Serrie Alain, Lange Bernd, Steup Achim
a Service de Médecine de la Douleur et de Médecine Palliative, Universités Paris Descartes - Paris Diderot Hôpital Lariboisière , Paris , France.
b Grünenthal GmbH , Aachen , Germany.
Curr Med Res Opin. 2017 Aug;33(8):1423-1432. doi: 10.1080/03007995.2017.1335189. Epub 2017 Jun 11.
To assess efficacy and safety of tapentadol prolonged release (PR) for moderate-to-severe chronic osteoarthritis knee pain.
Patients (n = 990) were randomized (1:1:1) to tapentadol PR, oxycodone controlled release (CR; reference compound for assay sensitivity), or placebo for a double-blind 3-week titration and 12-week maintenance period. Primary efficacy end-points were change from baseline in average pain intensity at week 12 of maintenance (US end-point) and over the entire maintenance period (non-US end-point) with "last observation carried forward" as imputation method for missing scores.
Both primary end-points were not significantly different for tapentadol PR nor for oxycodone CR vs placebo at week 12 (least squares [LS] mean difference = -0.3 [95% CI = -0.61-0.09]; p = 0.152 and 0.2 [95% CI = -0.16-0.54]; p = 0.279, respectively) and over the maintenance period (LS mean difference = -0.2 [95% CI = -0.55-0.07]; p = 0.135 and 0.1 [95% CI = -0.18-0.44]; p = 0.421, respectively). Considerably more patients receiving tapentadol PR than oxycodone CR completed the trial (58.3% vs 36.6%). This is consistent with better results with tapentadol PR on the overall health status (PGIC) compared to oxycodone CR. Indeed, respectively, 56% and 42.5% rated at least "much improved" at the end of treatment. Incidences of gastrointestinal adverse events were higher for both active treatments compared to placebo. Tapentadol PR was associated with a better gastrointestinal tolerability profile with incidences of constipation (17.9% vs 35%) and of the composite of nausea and/or vomiting (23.8% vs 46.8%) significantly lower vs oxycodone CR (p < 0.001).
The study did not demonstrate assay sensitivity. The finding that both primary end-points for tapentadol PR were not met can, thus, not be interpreted. Tapentadol PR was better tolerated than oxycodone CR, largely due to fewer gastrointestinal side-effects.

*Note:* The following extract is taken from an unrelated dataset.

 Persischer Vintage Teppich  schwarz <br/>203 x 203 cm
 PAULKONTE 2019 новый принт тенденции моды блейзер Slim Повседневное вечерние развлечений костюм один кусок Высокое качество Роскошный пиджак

评估缓释他喷他多治疗中重度慢性膝骨关节炎疼痛的疗效和安全性。
990例患者按1:1:1随机分组,分别接受缓释他喷他多、羟考酮控释片(用于测定灵敏度的参比化合物)或安慰剂治疗,进行为期3周的双盲滴定和12周的维持治疗。主要疗效终点为维持期第12周(美国终点)和整个维持期(非美国终点)平均疼痛强度较基线的变化,采用“末次观察结转”法对缺失评分进行插补。

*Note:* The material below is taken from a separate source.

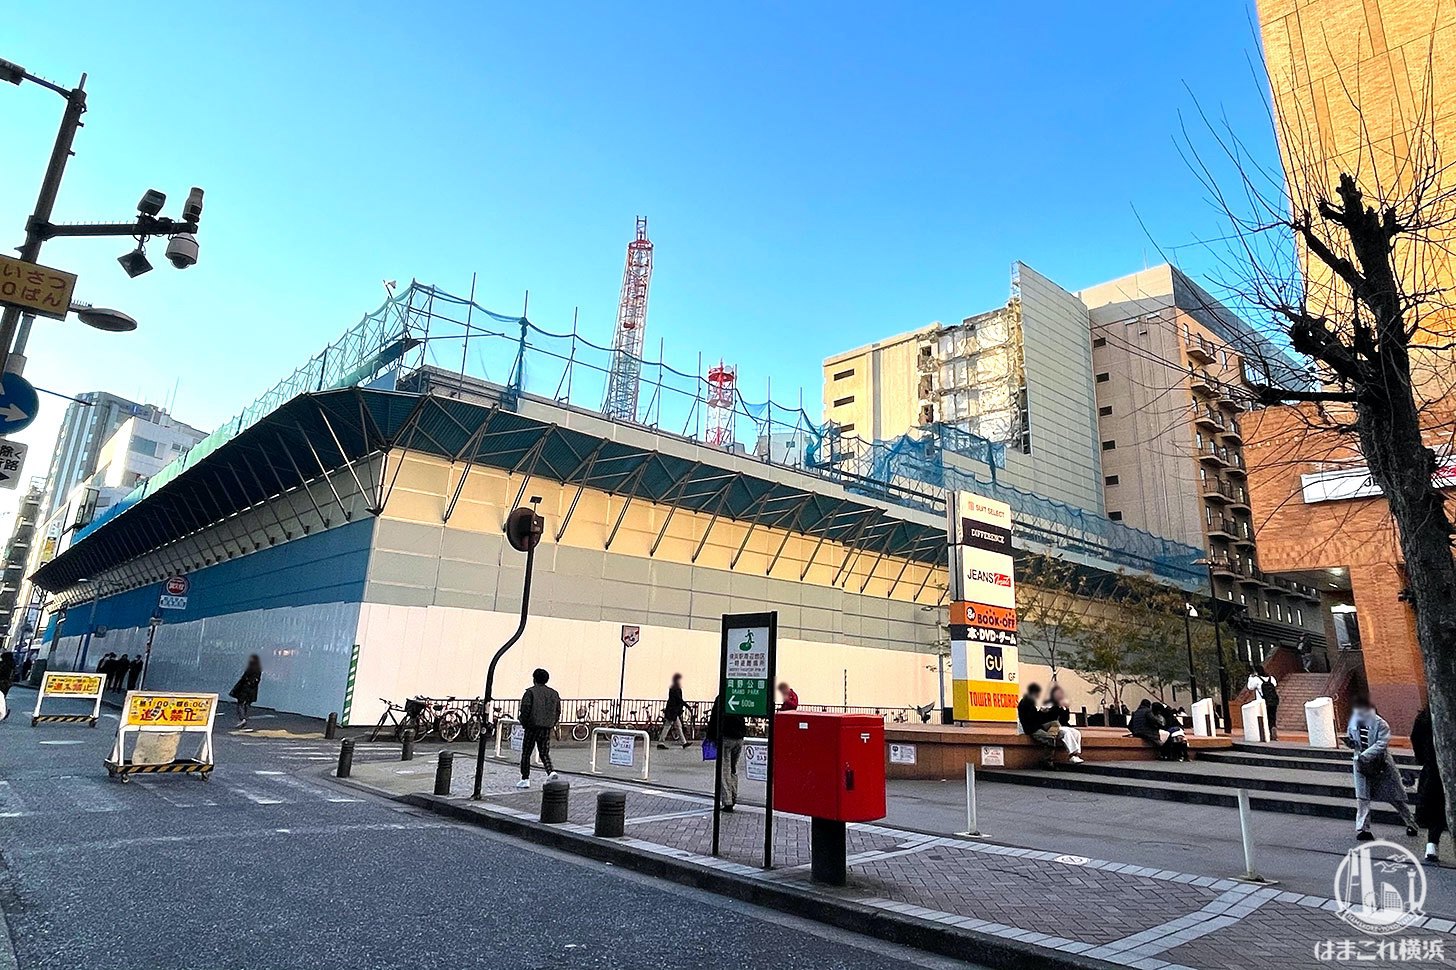 横浜駅西口 ダイエー 跡地に22階建てのビル25年1月に完成予定 はまこれ横浜
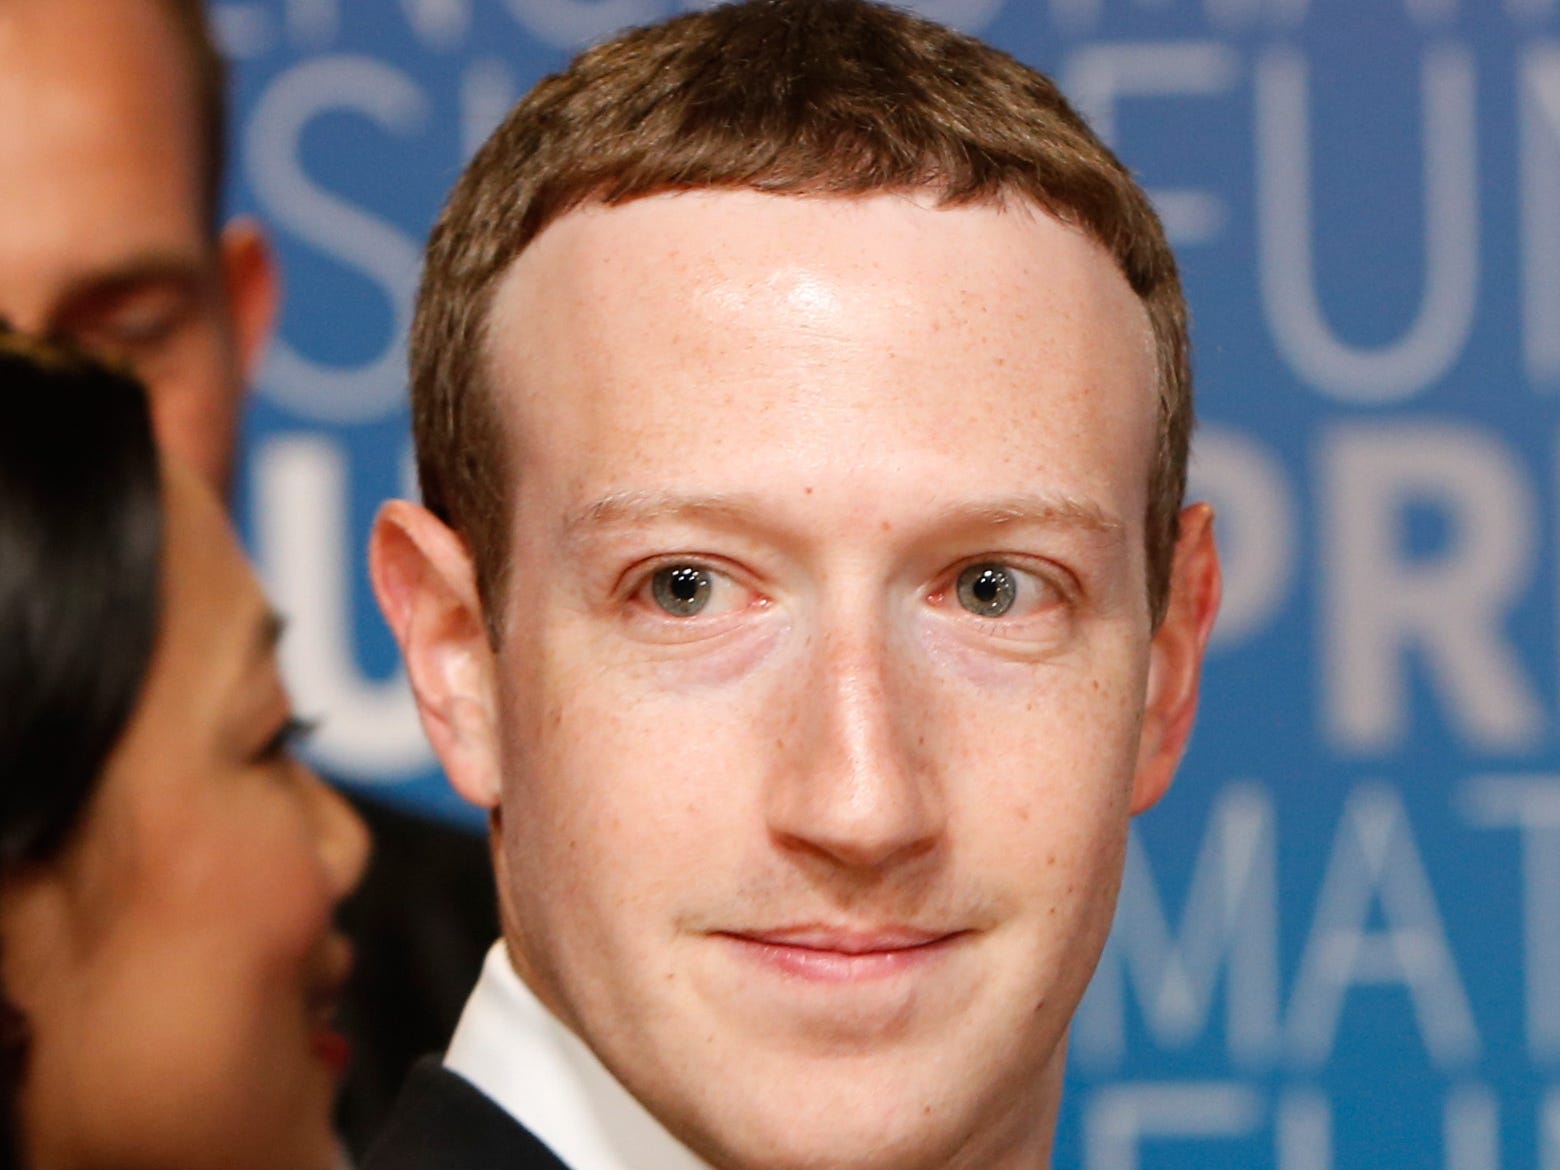 Mái tóc của ông chủ Facebook là chủ đề bàn tán sôi nổi trong thời gian vừa qua (Nguồn: BI)

在第12周时,缓释他喷他多和羟考酮控释片与安慰剂相比,两个主要终点均无显著差异(最小二乘均值差异=-0.3 [95%置信区间=-0.61-0.09];p=0.152和0.2 [95%置信区间=-0.16-0.54];p=0.279),在维持期内也无显著差异(最小二乘均值差异=-0.2 [95%置信区间=-0.55-0.07];p=0.135和0.1 [95%置信区间=-0.18-0.44];p=0.421)。接受缓释他喷他多治疗完成试验的患者比接受羟考酮控释片治疗的患者多得多(58.3%对36.6%)。这与缓释他喷他多在总体健康状况(PGIC)方面比羟考酮控释片效果更好一致。实际上,分别有56%和42.5%的患者在治疗结束时至少评定为“大有改善”。与安慰剂相比,两种活性治疗的胃肠道不良事件发生率均较高。缓释他喷他多的胃肠道耐受性较好,便秘发生率(17.9%对35%)以及恶心和/或呕吐的综合发生率(23.8%对46.8%)均显著低于羟考酮控释片(p<0.001)。
该研究未证明测定灵敏度。因此,无法解读缓释他喷他多未达到两个主要终点这一结果。缓释他喷他多的耐受性优于羟考酮控释片,主要是因为胃肠道副作用较少。